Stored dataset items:
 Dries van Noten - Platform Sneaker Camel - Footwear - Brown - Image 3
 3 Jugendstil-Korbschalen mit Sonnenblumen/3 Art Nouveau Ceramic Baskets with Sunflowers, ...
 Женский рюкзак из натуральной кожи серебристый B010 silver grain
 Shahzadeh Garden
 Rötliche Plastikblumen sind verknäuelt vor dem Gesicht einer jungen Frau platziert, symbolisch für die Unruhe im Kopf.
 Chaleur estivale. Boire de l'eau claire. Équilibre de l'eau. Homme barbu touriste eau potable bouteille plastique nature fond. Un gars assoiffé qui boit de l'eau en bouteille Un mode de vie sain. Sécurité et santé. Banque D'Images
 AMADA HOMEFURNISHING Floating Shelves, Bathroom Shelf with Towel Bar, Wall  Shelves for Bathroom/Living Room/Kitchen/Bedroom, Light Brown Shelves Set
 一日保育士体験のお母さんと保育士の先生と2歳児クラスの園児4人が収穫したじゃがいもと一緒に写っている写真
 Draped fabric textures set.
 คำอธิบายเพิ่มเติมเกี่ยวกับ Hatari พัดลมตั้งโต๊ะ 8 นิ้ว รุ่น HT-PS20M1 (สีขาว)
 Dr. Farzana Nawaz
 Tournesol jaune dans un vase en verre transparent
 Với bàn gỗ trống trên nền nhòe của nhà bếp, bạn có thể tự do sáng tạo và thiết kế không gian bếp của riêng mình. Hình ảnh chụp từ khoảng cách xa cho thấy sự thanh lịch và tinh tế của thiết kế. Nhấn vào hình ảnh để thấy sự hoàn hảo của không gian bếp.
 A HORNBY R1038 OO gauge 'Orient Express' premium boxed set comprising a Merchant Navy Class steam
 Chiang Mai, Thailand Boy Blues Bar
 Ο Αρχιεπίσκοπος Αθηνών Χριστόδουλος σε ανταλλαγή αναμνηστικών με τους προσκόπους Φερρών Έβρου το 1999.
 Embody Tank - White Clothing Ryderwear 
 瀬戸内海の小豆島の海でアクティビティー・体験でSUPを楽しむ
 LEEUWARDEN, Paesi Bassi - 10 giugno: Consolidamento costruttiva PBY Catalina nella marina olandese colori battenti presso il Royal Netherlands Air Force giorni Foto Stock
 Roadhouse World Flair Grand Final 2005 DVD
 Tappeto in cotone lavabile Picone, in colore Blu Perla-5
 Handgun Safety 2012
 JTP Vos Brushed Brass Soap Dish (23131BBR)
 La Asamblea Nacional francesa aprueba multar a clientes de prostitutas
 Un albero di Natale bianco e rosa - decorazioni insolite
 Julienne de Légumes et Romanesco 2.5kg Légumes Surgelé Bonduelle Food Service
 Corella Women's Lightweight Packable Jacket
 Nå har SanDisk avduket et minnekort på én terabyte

| TASK BRIEF |
Every record must be transcribed exactly as written.

| ANSWER SPACE |
 Dries van Noten - Platform Sneaker Camel - Footwear - Brown - Image 3
 3 Jugendstil-Korbschalen mit Sonnenblumen/3 Art Nouveau Ceramic Baskets with Sunflowers, ...
 Женский рюкзак из натуральной кожи серебристый B010 silver grain
 Shahzadeh Garden
 Rötliche Plastikblumen sind verknäuelt vor dem Gesicht einer jungen Frau platziert, symbolisch für die Unruhe im Kopf.
 Chaleur estivale. Boire de l'eau claire. Équilibre de l'eau. Homme barbu touriste eau potable bouteille plastique nature fond. Un gars assoiffé qui boit de l'eau en bouteille Un mode de vie sain. Sécurité et santé. Banque D'Images
 AMADA HOMEFURNISHING Floating Shelves, Bathroom Shelf with Towel Bar, Wall  Shelves for Bathroom/Living Room/Kitchen/Bedroom, Light Brown Shelves Set
 一日保育士体験のお母さんと保育士の先生と2歳児クラスの園児4人が収穫したじゃがいもと一緒に写っている写真
 Draped fabric textures set.
 คำอธิบายเพิ่มเติมเกี่ยวกับ Hatari พัดลมตั้งโต๊ะ 8 นิ้ว รุ่น HT-PS20M1 (สีขาว)
 Dr. Farzana Nawaz
 Tournesol jaune dans un vase en verre transparent
 Với bàn gỗ trống trên nền nhòe của nhà bếp, bạn có thể tự do sáng tạo và thiết kế không gian bếp của riêng mình. Hình ảnh chụp từ khoảng cách xa cho thấy sự thanh lịch và tinh tế của thiết kế. Nhấn vào hình ảnh để thấy sự hoàn hảo của không gian bếp.
 A HORNBY R1038 OO gauge 'Orient Express' premium boxed set comprising a Merchant Navy Class steam
 Chiang Mai, Thailand Boy Blues Bar
 Ο Αρχιεπίσκοπος Αθηνών Χριστόδουλος σε ανταλλαγή αναμνηστικών με τους προσκόπους Φερρών Έβρου το 1999.
 Embody Tank - White Clothing Ryderwear 
 瀬戸内海の小豆島の海でアクティビティー・体験でSUPを楽しむ
 LEEUWARDEN, Paesi Bassi - 10 giugno: Consolidamento costruttiva PBY Catalina nella marina olandese colori battenti presso il Royal Netherlands Air Force giorni Foto Stock
 Roadhouse World Flair Grand Final 2005 DVD
 Tappeto in cotone lavabile Picone, in colore Blu Perla-5
 Handgun Safety 2012
 JTP Vos Brushed Brass Soap Dish (23131BBR)
 La Asamblea Nacional francesa aprueba multar a clientes de prostitutas
 Un albero di Natale bianco e rosa - decorazioni insolite
 Julienne de Légumes et Romanesco 2.5kg Légumes Surgelé Bonduelle Food Service
 Corella Women's Lightweight Packable Jacket
 Nå har SanDisk avduket et minnekort på én terabyte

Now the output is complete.